To realize these benefits and to protect against another crisis, European officials should create new regulatory agencies, or use existing ones, to issue and enforce strong financial rules in coordination with national agencies. They will have to guard against efforts by special interests to use the creation of a capital markets union to roll back sensible European and national regulations that were put in place in response to the global financial crisis. They should also create a common approach to resolving defaults and bankruptcies, so borrowers and lenders have confidence that they will be treated the same regardless of where they are based.

Some politicians will not be willing to hand over more control to centralized European agencies, given increasing skepticism about the E.U. among voters in many countries. This is especially true in Britain, where the U.K. Independence Party has won elections by arguing that the country should leave the European Union. Partly in response to this movement, Prime Minister David Cameron has promised to hold a referendum by the end of 2017 to let voters decide whether Britain should stay in the E.U.

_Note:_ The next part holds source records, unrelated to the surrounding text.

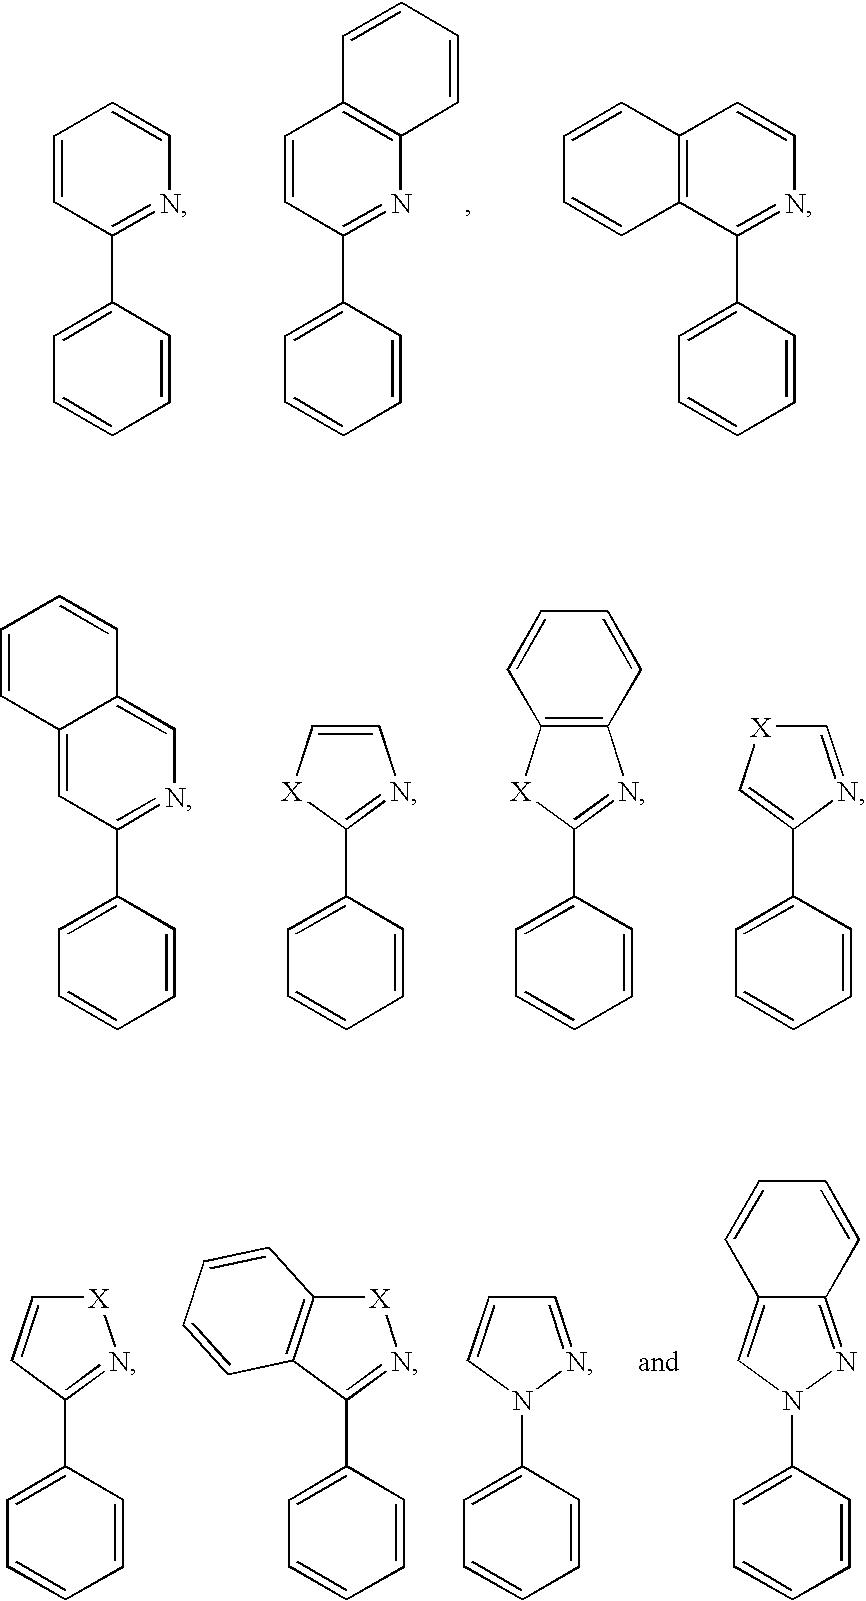 Figure US20100090591A1-20100415-C00019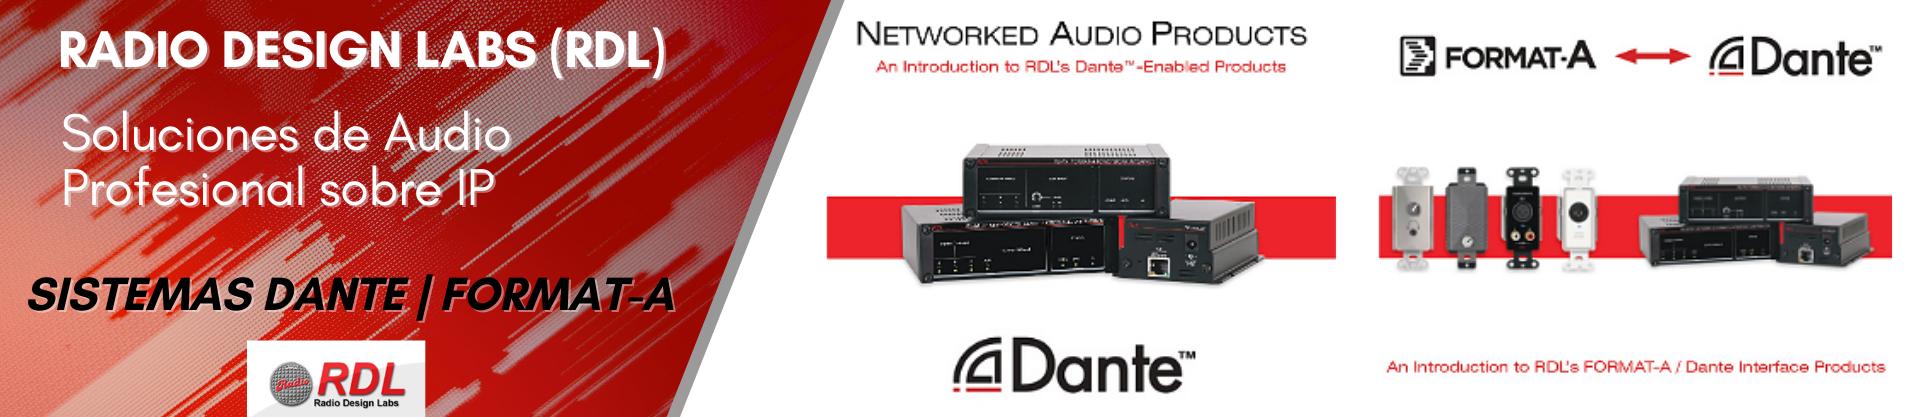 soluciones-audio-profesionales-RDL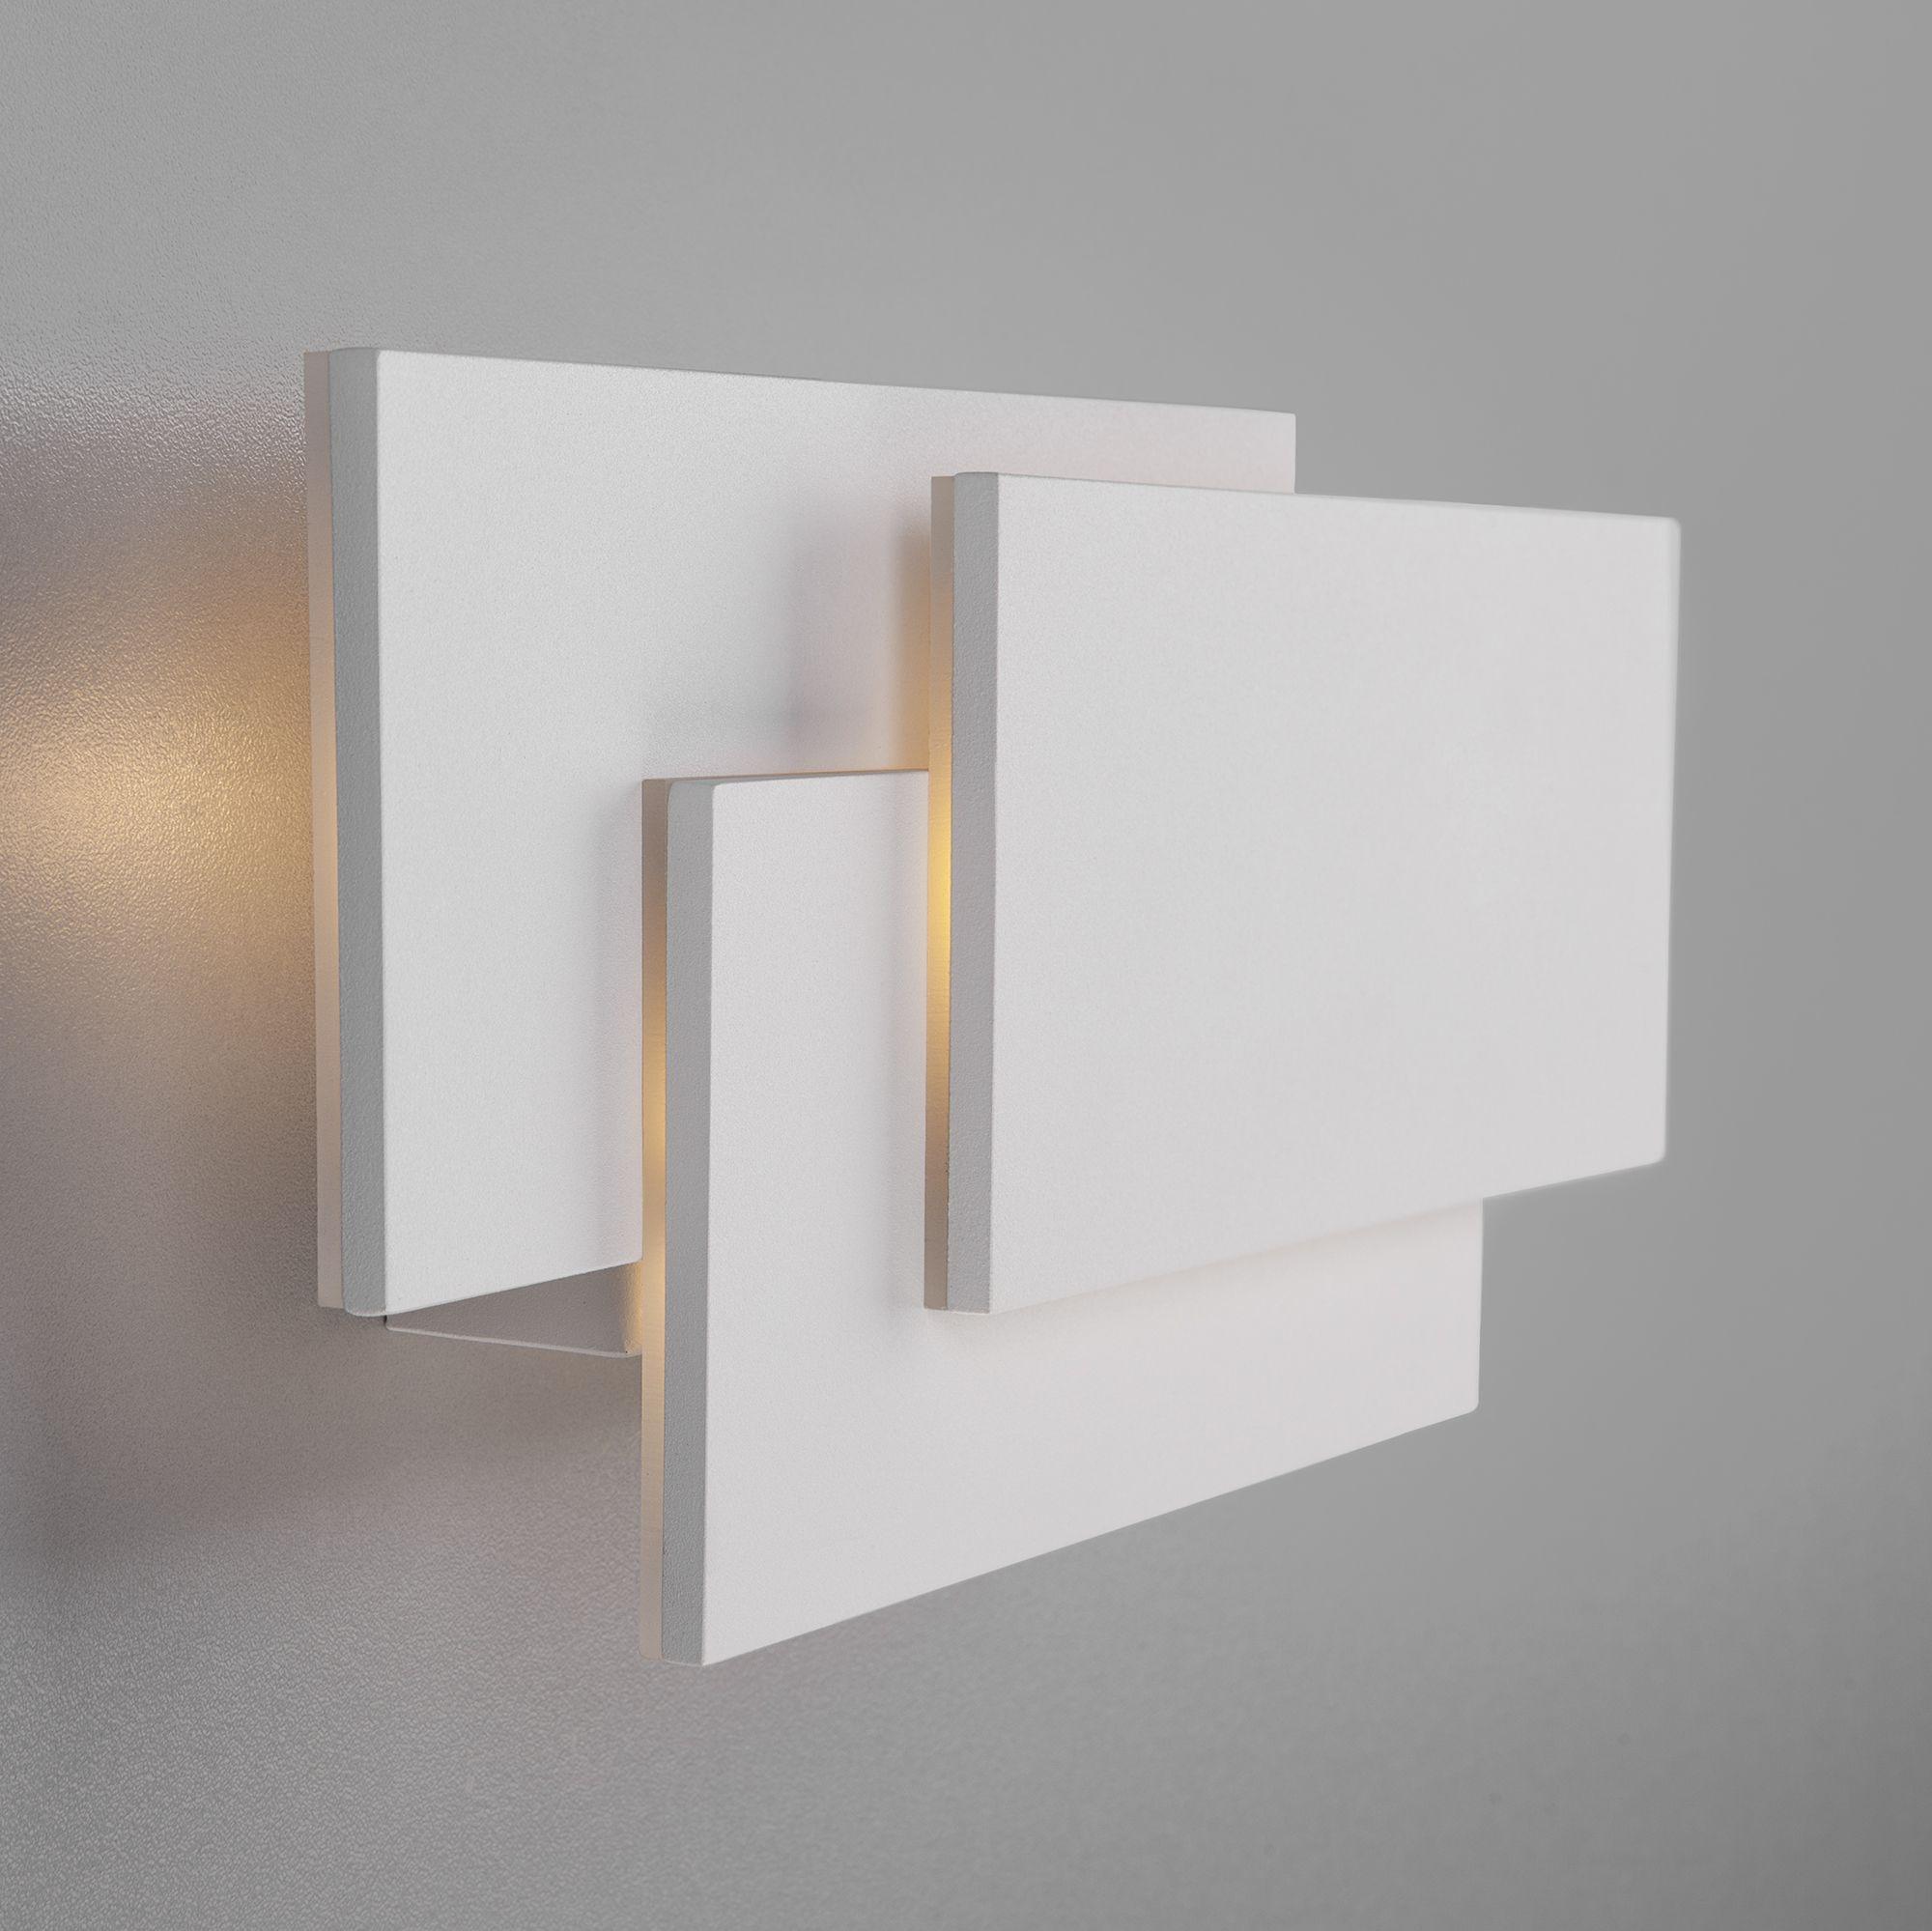 Настенный светодиодный светильник Inside LED MRL LED 12W 1012 IP20 белый матовый

Britain’s posture toward a capital markets union will be important, because London is Europe’s biggest financial hub. A serious blow could be dealt to the prospect of a union if a coalition that includes parties hostile to the E.U. comes to power after Britain’s parliamentary election in May.

In recent years, European leaders have done too little to make the union stronger. The misguided demands by officials in Germany and on the European Commission for austerity in Greece, Spain, Ireland and other economically troubled eurozone countries has contributed to high unemployment in those nations. It is little wonder that many Europeans are losing faith in the E.U.

Creating a capital markets union, a technocratic exercise that requires changing financial laws and regulations, could have substantial economic benefits. Just as important it would reaffirm the importance of the European project.